Print the line containing "Lino Rulli: I", then every line after it through the end of the material, exactly as written and without pictures.

§ Supplied data:
● ● ●

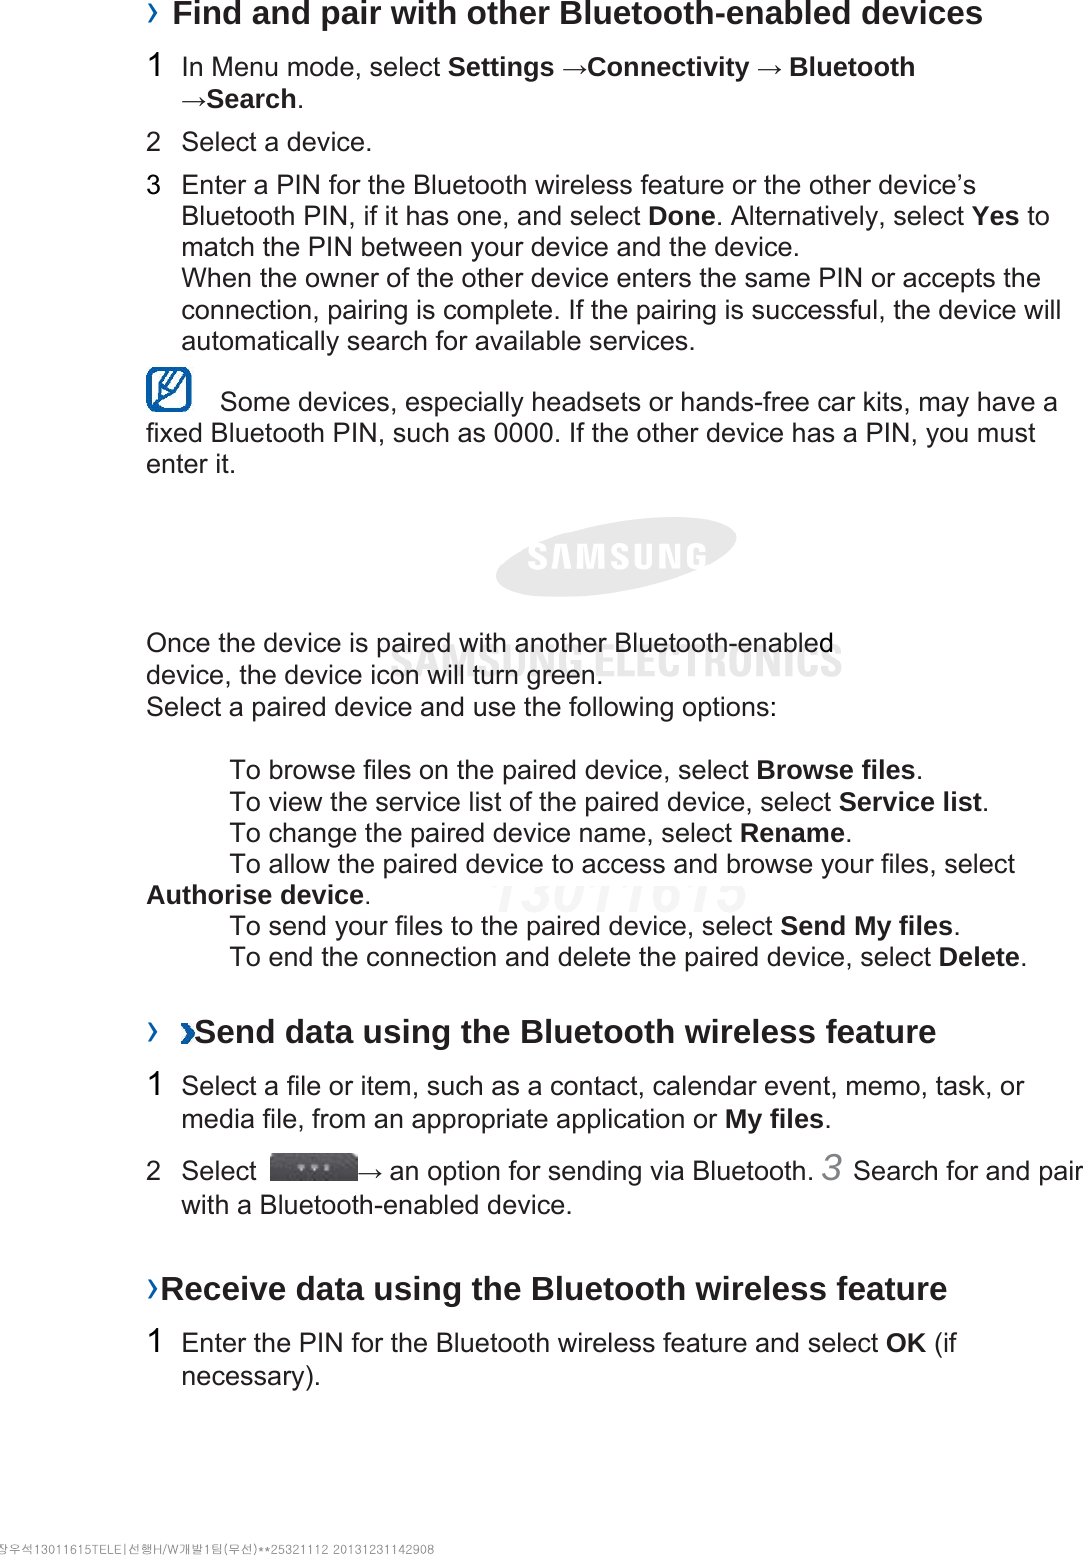 › Find and pair with other Bluetooth-enabled devices   1  In Menu mode, select Settings →Connectivity → Bluetooth →Search.  2  Select a device.   3  Enter a PIN for the Bluetooth wireless feature or the other device’s Bluetooth PIN, if it has one, and select Done. Alternatively, select Yes to match the PIN between your device and the device.   When the owner of the other device enters the same PIN or accepts the connection, pairing is complete. If the pairing is successful, the device will automatically search for available services.     Some devices, especially headsets or hands-free car kits, may have a fixed Bluetooth PIN, such as 0000. If the other device has a PIN, you must enter it.   Once the device is paired with another Bluetooth-enabled device, the device icon will turn green. Select a paired device and use the following options:    To browse files on the paired device, select Browse files.    To view the service list of the paired device, select Service list.    To change the paired device name, select Rename.   To allow the paired device to access and browse your files, select Authorise device.    To send your files to the paired device, select Send My files.    To end the connection and delete the paired device, select Delete.   ›  Send data using the Bluetooth wireless feature   1  Select a file or item, such as a contact, calendar event, memo, task, or media file, from an appropriate application or My files.  2 Select  → an option for sending via Bluetooth. 3 Search for and pair with a Bluetooth-enabled device.   ›Receive data using the Bluetooth wireless feature   1  Enter the PIN for the Bluetooth wireless feature and select OK (if necessary).  
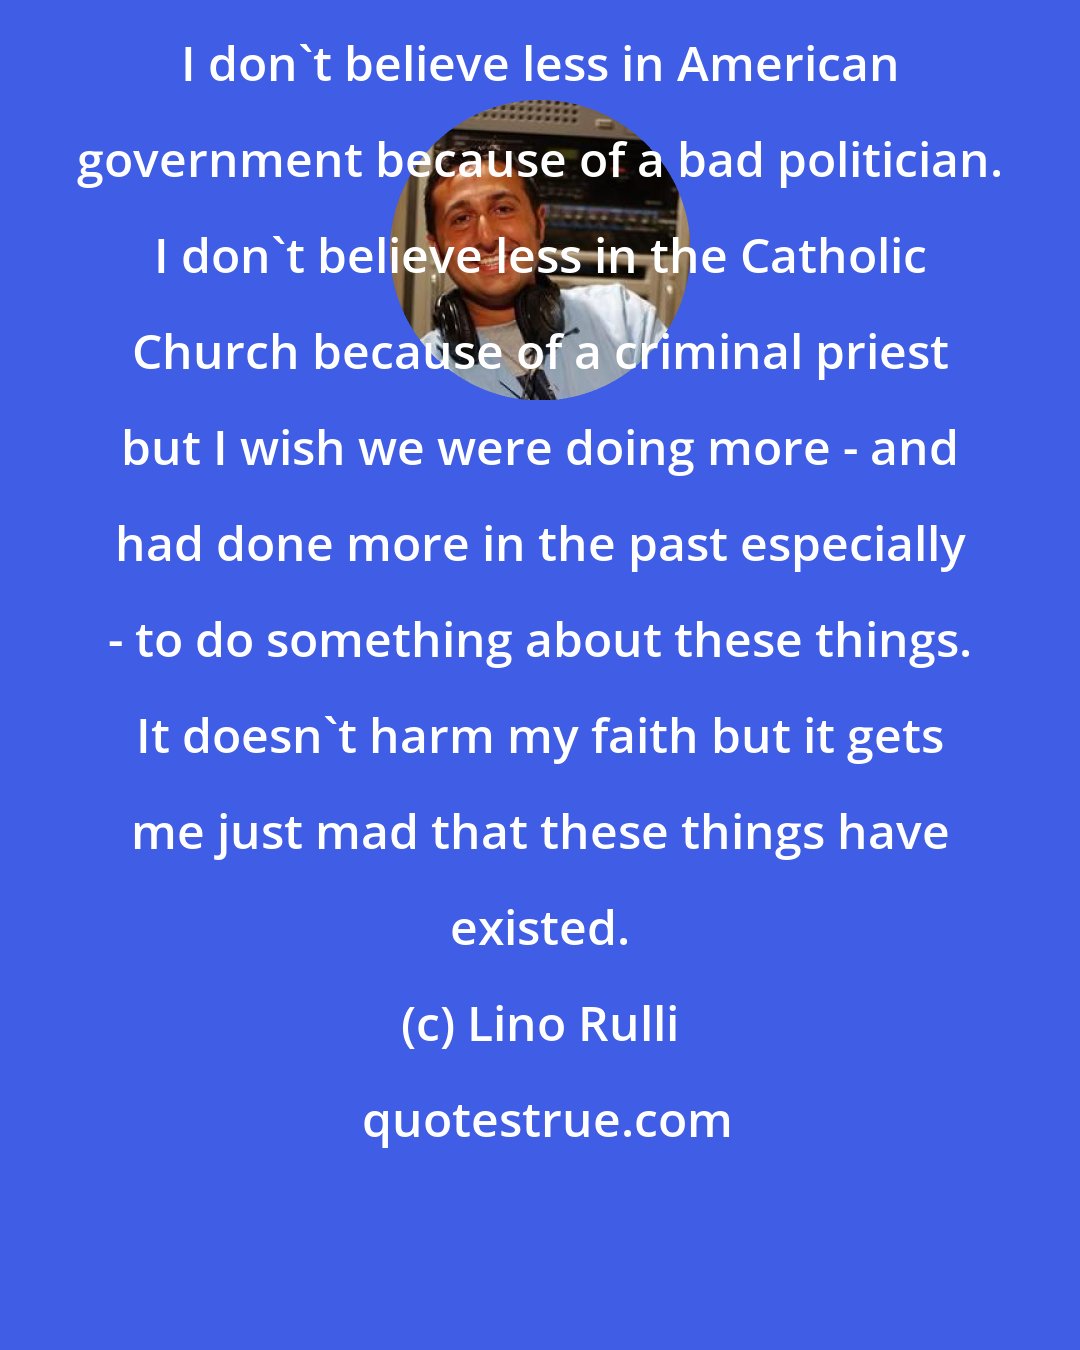 Lino Rulli: I don't believe less in American government because of a bad politician. I don't believe less in the Catholic Church because of a criminal priest but I wish we were doing more - and had done more in the past especially - to do something about these things. It doesn't harm my faith but it gets me just mad that these things have existed.
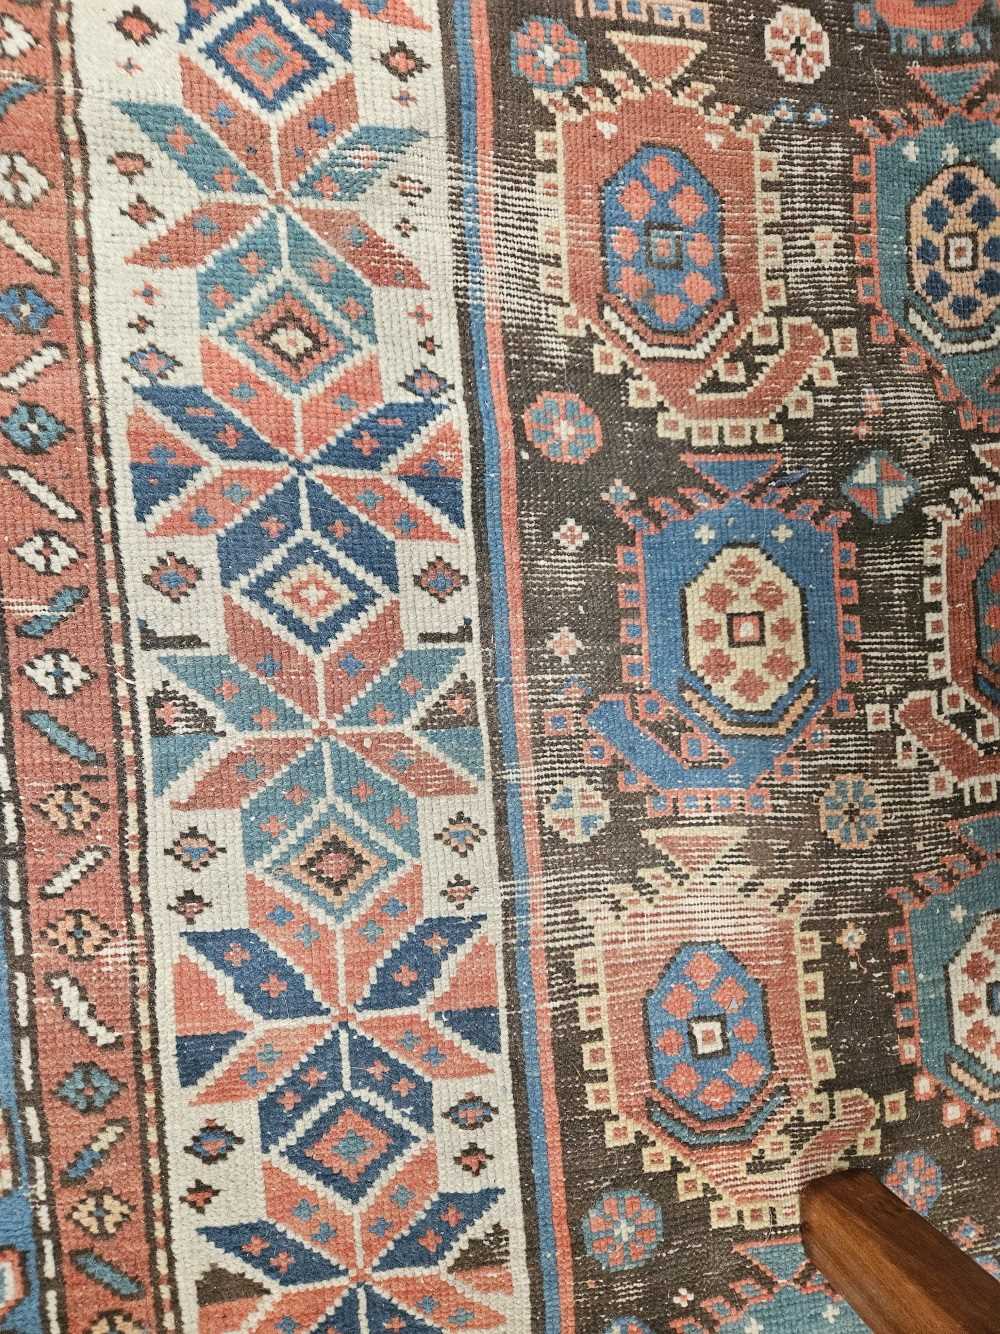 AN ANTIQUE CAUCASIAN TRIBAL RUG. - Image 6 of 7

● ● ●

§ Problem solution:
 Lino Rulli: I don't believe less in American government because of a bad politician. I don't believe less in the Catholic Church because of a criminal priest but I wish we were doing more - and had done more in the past especially - to do something about these things. It doesn't harm my faith but it gets me just mad that these things have existed.
 AN ANTIQUE CAUCASIAN TRIBAL RUG. - Image 6 of 7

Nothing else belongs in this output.